On trouve les représentations idéogrammatiques du IVe au XVe siècle dans les «Itinéraires en Terre Sainte», les «Mappae Mundi», puis les «Voyages d’outre-mer». Elles répondent d’abord à un désir de guider, lié à l’idée de voyage (pèlerinage). L’image de la ville se limite, le plus souvent, à un contenant schématisant une enceinte fortifiée et à un contenu figurant les objets architecturaux les plus signifiants parsemés dans le vide d’une cité sans réalité topographique. Cependant, deux villes, Jérusalem et Rome, accèdent dès le XIIe siècle à des représentations plus détaillées où commencent à apparaître tous les monuments et le dessin de quelques rues.

Au besoin de représenter la Ville sainte dans ses parties les plus signifiantes se superpose le désir de rendre de façon métaphorique l’idée même de sa sacralité; c’est la représentation symbolique. À partir du XIIe siècle, Jérusalem est symbolisée par une image circulaire plus ou moins complexe. À travers l’image idéalisée de la ville va naître la notion de représentation homogène et hiérarchisée du contenu: la ville (Jérusalem, puis d’autres comme Florence, Madrid, Paris) n’est plus représentable uniquement par quelques-uns de ses éléments remarquables groupés au hasard, mais elle est un tout complexe dont il n’est pas encore possible de rendre la complexité.

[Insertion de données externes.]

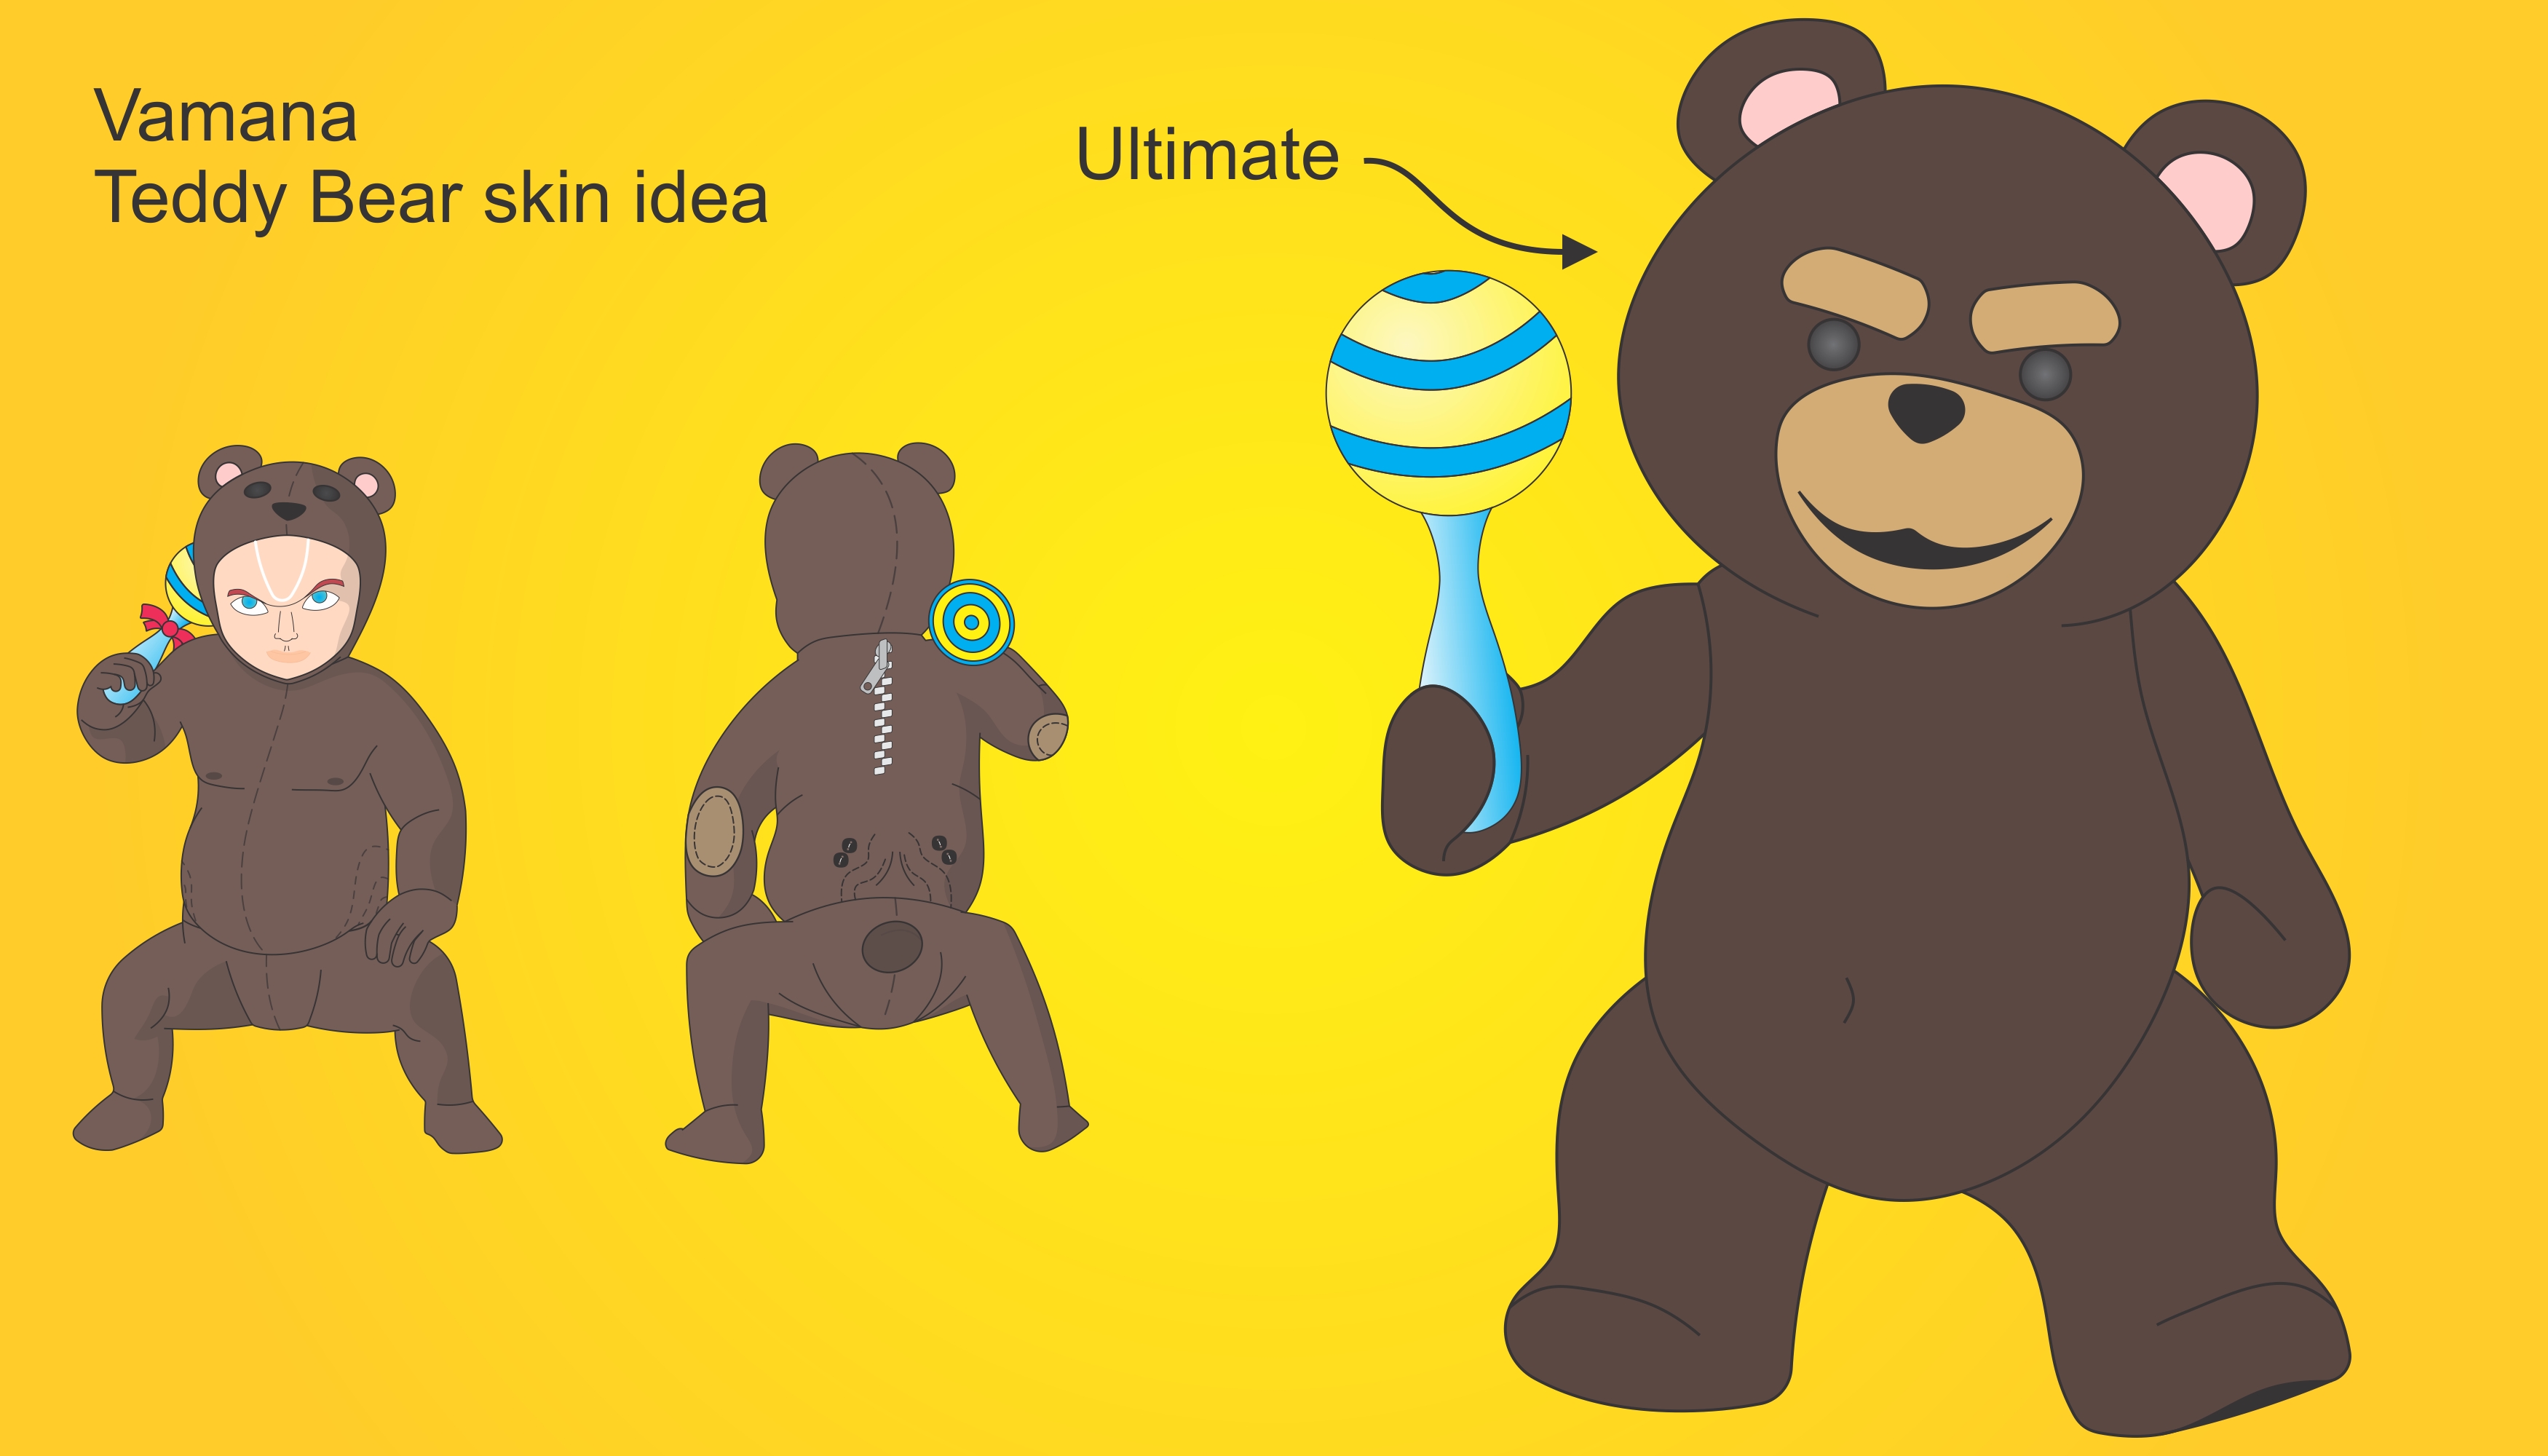 An idea for bear* skin

La représentation panoramique apparaît au XVe siècle. La prise de conscience de la ville comme objet d’un discours et la découverte de l’espace perspectif conduisent à un nouveau type de représentation: les panoramas ou portraits. Ils tentent de consigner le corps urbain dans sa réalité visible. La ville est représentée telle qu’un voyageur ou un navigateur peut la découvrir. La totalité apparente du système bâti est représentée et les monuments émergent au sein de l’ensemble urbain. L’essor et la diffusion des panoramas vont être liés à ceux de la gravure sur bois et à son utilisation dans les ouvrages imprimés. D’abord simples vignettes illustratives, ils sont ensuite réunis pour eux-mêmes: Liber chronicarum de Schedel (1493), Cosmographie universelle de Munster, (1580) Atlas de Mercator (1596), dans lesquels, cependant, le souci de rassembler le plus grand nombre de vues conduit souvent l’auteur à utiliser la même planche gravée pour représenter plusieurs villes (Schedel).

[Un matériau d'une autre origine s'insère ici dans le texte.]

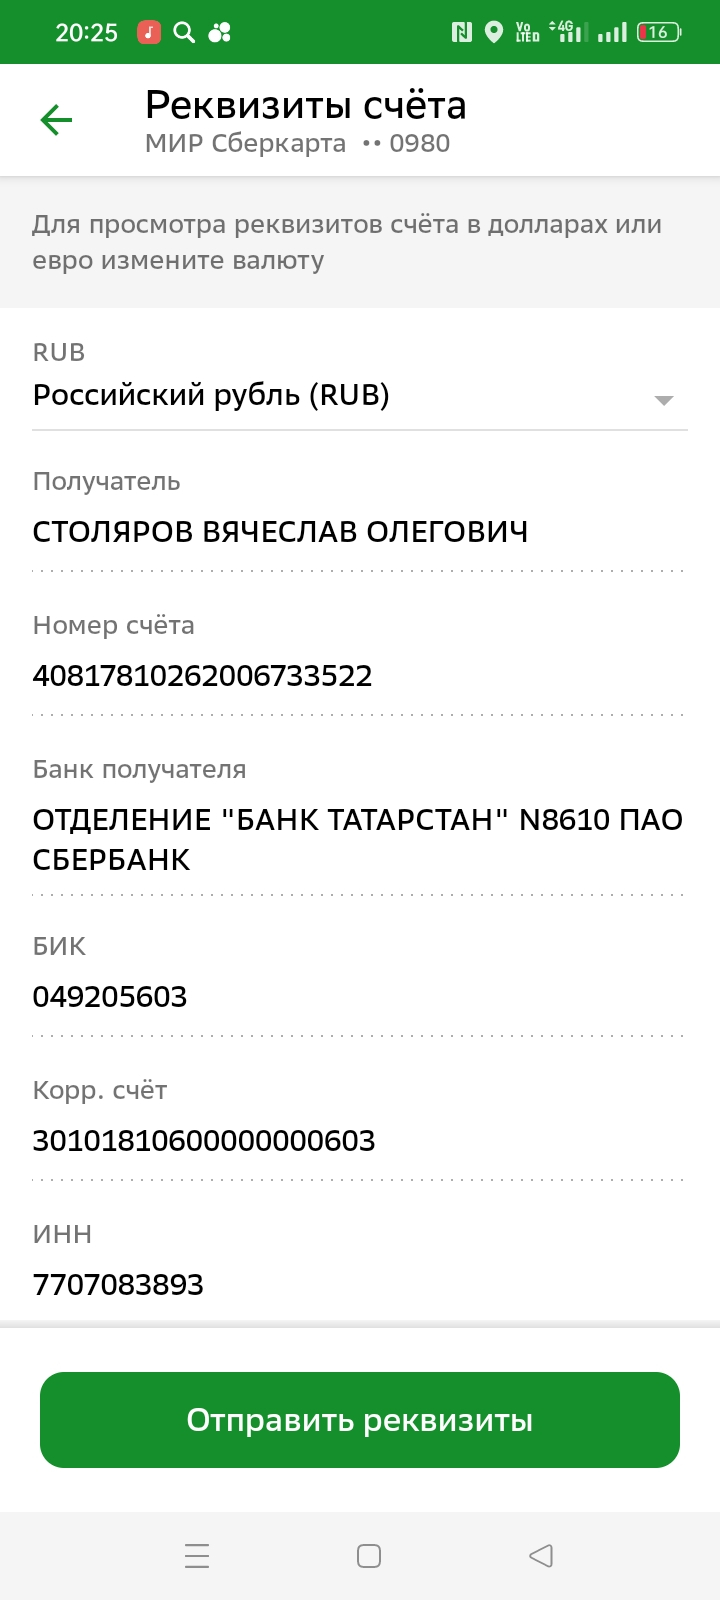 Сайт 24000.ru - Заявление на оказание финансовой помощи сироте оставшиеся без попечения родителей

L’approfondissement du savoir urbain et un besoin de plus grande valeur documentaire conduisent à la représentation oblique du point de vue: l’œil s’élève et s’oriente. À partir du XVIe siècle, on passe à la vue à vol d’oiseau. Ce système permet de représenter chaque objet, quelle que soit sa situation (il n’y a plus de plans cachés), et l’orientation est conventionnellement choisie vers l’est afin de montrer les façades des églises. L’alliance du pittoresque panoramique (lisibilité des architectures en volumétrie) et du fonctionnel (lisibilité toponymique) explique son succès durant trois siècles — depuis le plan de Venise de Jacopo de Barbari (fin du XVe siècle) jusqu’au plan de Paris du XVIIIe siècle par Bretez (plan «de Turgot», 1739).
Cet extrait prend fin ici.